Saudi Arabia’s Brotherhood ban could send shockwaves worldwide
By joining Egypt in designating the group as a terrorist organization, the kingdom may be able to persuade Western governments to blacklist the group
Saudi Arabia’s surprise announcement on Friday to declare the Muslim Brotherhood as a terrorist organization is an attempt to strike the group at their weakest moment - and an attempt to kick start worldwide condemnation towards the group, an analyst said.
The kingdom’s blacklisting of the group comes soon after the kingdom - along with Bahrain and the UAE - withdrew their ambassadors from Qatar, a known backer of former Egyptian President Mohammad Mursi’s Brotherhood-led government.
The ban is an attempt to strike the group at their weakest moment, according to Abdulkhaleq Abdulla, a professor of political science at UAE University.
Losing it all
“They [the Muslim Brotherhood] have lost so much as a result of the crackdown in Egypt and the dismantling of their leadership, so I think the time is probably right [to ban them],” said Abdulla.
By joining Egypt in designating the group as a terrorist organization, the kingdom may be able to persuade Western governments to blacklist the group – further weakening its power, the analyst said.
“Probably if you have the UAE joining in, and others, probably this will send a message to west, to London and Washington, this is probably going to be a masterstroke from the Saudis,” he told Al Arabiya.
No more sympathy
The sudden ban has triggered some Muslim preachers - commonly believed to be supporters of the now-banned group - to remove any indications of Brotherhood sympathies.

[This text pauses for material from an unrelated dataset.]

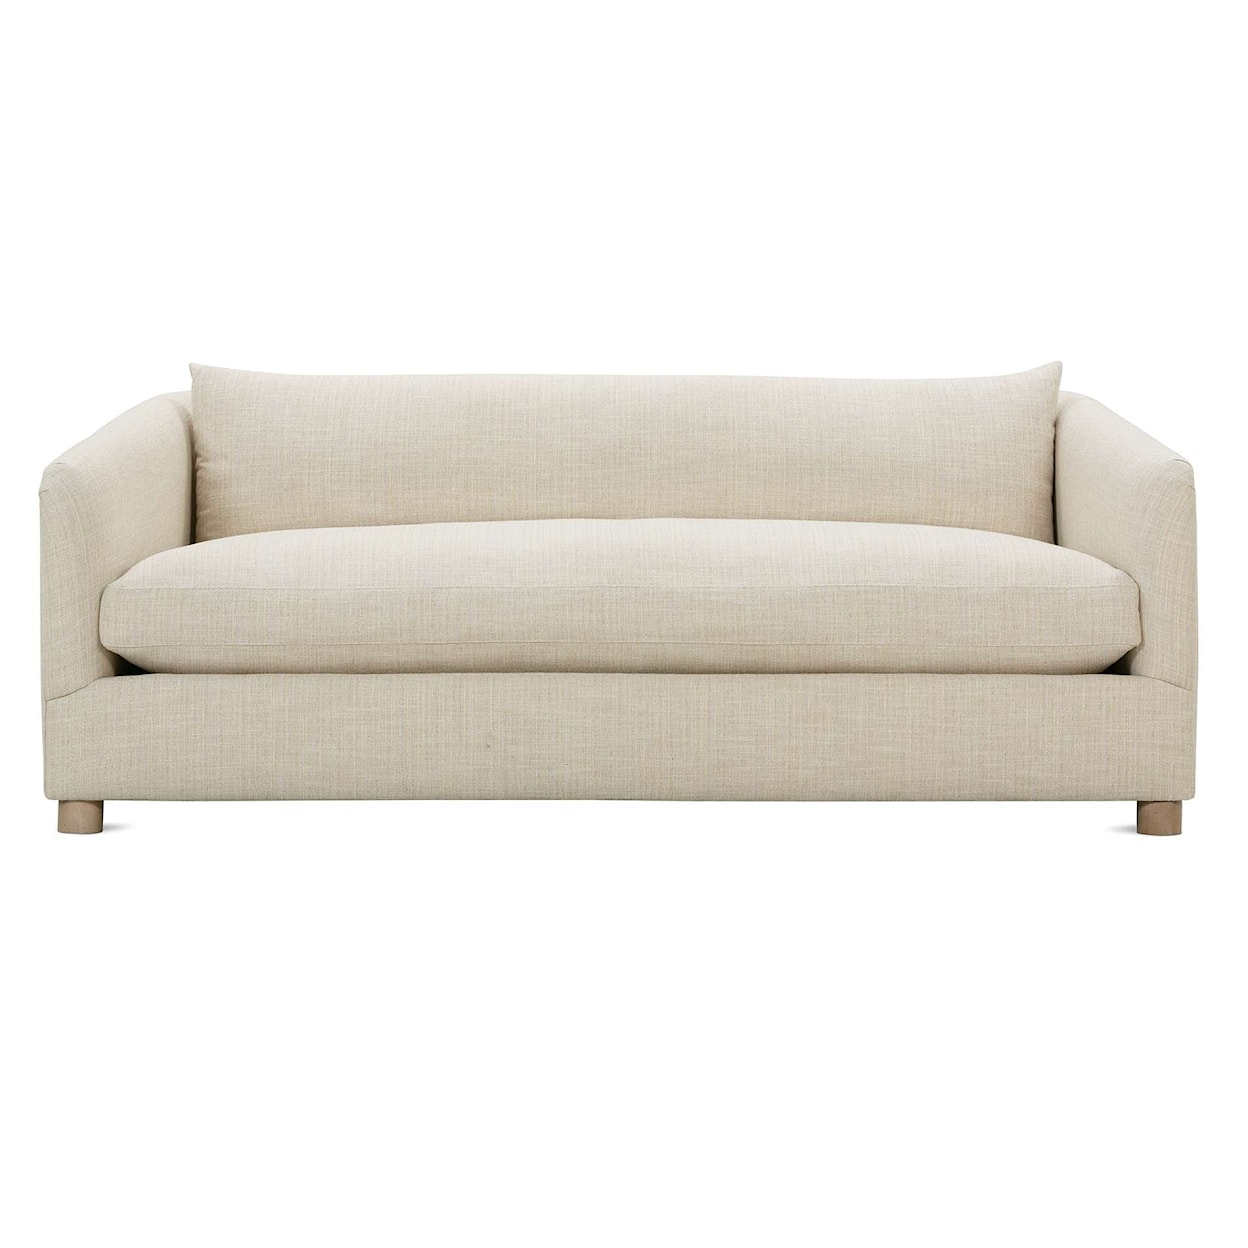 Robin Bruce Florence 76" Bench Cushion Sofa
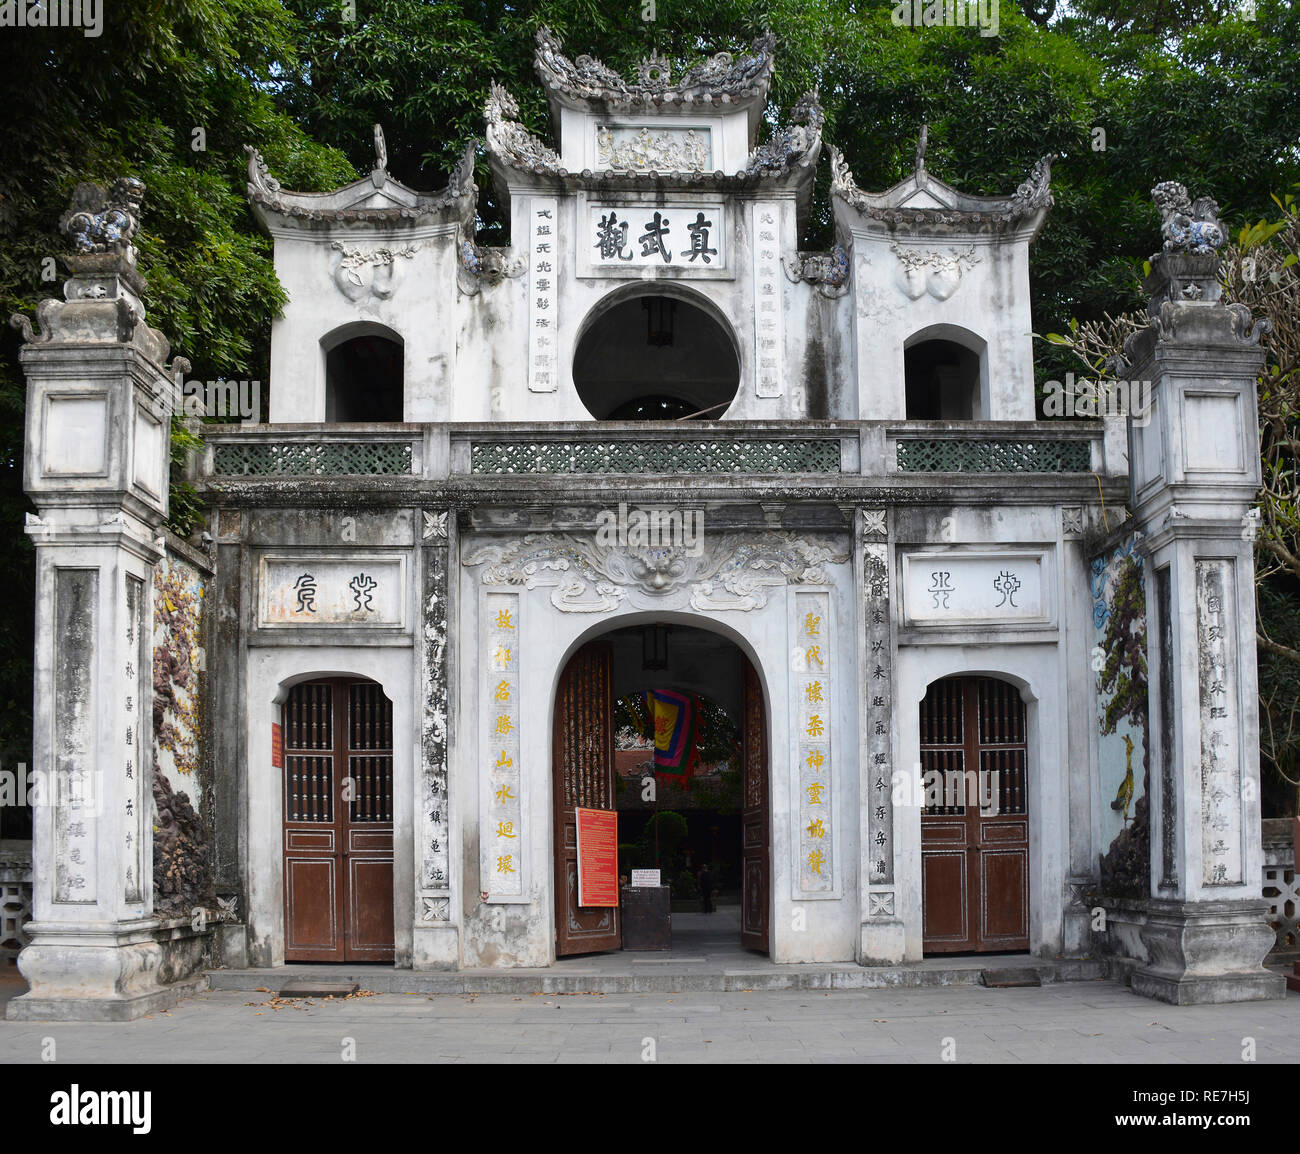 Hanoi, Vietnam - 16 décembre 2017. La porte devant le temple historique Quan Thanh dans le quartier de Ba Dinh à Hanoi, Vietnam. Le temple Banque D'Images

Mohamad al-Arefe, a Muslim preacher and a professor at the King Saud University in Saudi Arabia, has allegedly changed his display picture on Twitter that originally contained the ‘Rabaa hand’ logo, which depicts a four-fingered gesture - now banned in Egypt - raised by supporters of ousted President Mohammad Mursi.
Users of Twitter criticized Arefe, who has more than 8 million followers on Twitter, for changing his picture.
Salman al-Odah, a Muslim preacher, writer, and a host of several religious TV programs, has also changed his Twitter profile image to one that does not include the Rabaa sign.
Since the tensions between the Gulf states began, it has been noted that the tweets done by some of these preachers became less explicitly supportive of the Brotherhood in Egypt or others parts in the region.
Arefe then said on Twitter: “Dear Twitter users… Whoever believes in Allah and the Last Day, let him say good or remain silent,” indirectly avoiding comment on kingdom’s recent move to ban the Brotherhood.
Fahd al-Khireeji, a professor of Political Media, told Al Arabiya News everyone should abide by the Kingdom’s new decision.
“The issue is settled. They need to know that Saudi Arabia has made a decision and all they need to do is stand for the kingdom’s fight against terrorism.”
The swift change in the preachers’ accounts triggered social media users to comment on the subject.
“Al-Arefe removed the Rabaa logo..more are yet to come,” tweeted bin_alali_uae in Arabic.
“Salman al-Ouda had the Rabaa logo, as soon as the Brotherhood was labeled a terrorist organization, he removed it. Truly a brave man!” another Twitter user said.
“Don’t gloat over AlArefe for removing the Rabaa logo...who will raise the kids if he insists on putting the logo?” tweeted JasemMurad.
Wide support base
Wiping out the Muslim Brotherhood is a “huge challenge,” due to its penetration in many societal institutions, said Abdulla.
“They are all over the place, in civil organizations, media, as well as religious associations,” he said.
The Brotherhood’s power comes from their “mass base of support,” unlike militant groups such as the Islamic State of Iraq and the Levant (ISIS) and the al-Qaeda-linked al-Nusra Front, which were also banned in the same royal decree.
“The Muslim Brotherhood have managed to penetrate societies right and left, and their appeal to the masses is greater than al-Qaeda or al-Nusra or anybody else,” he said.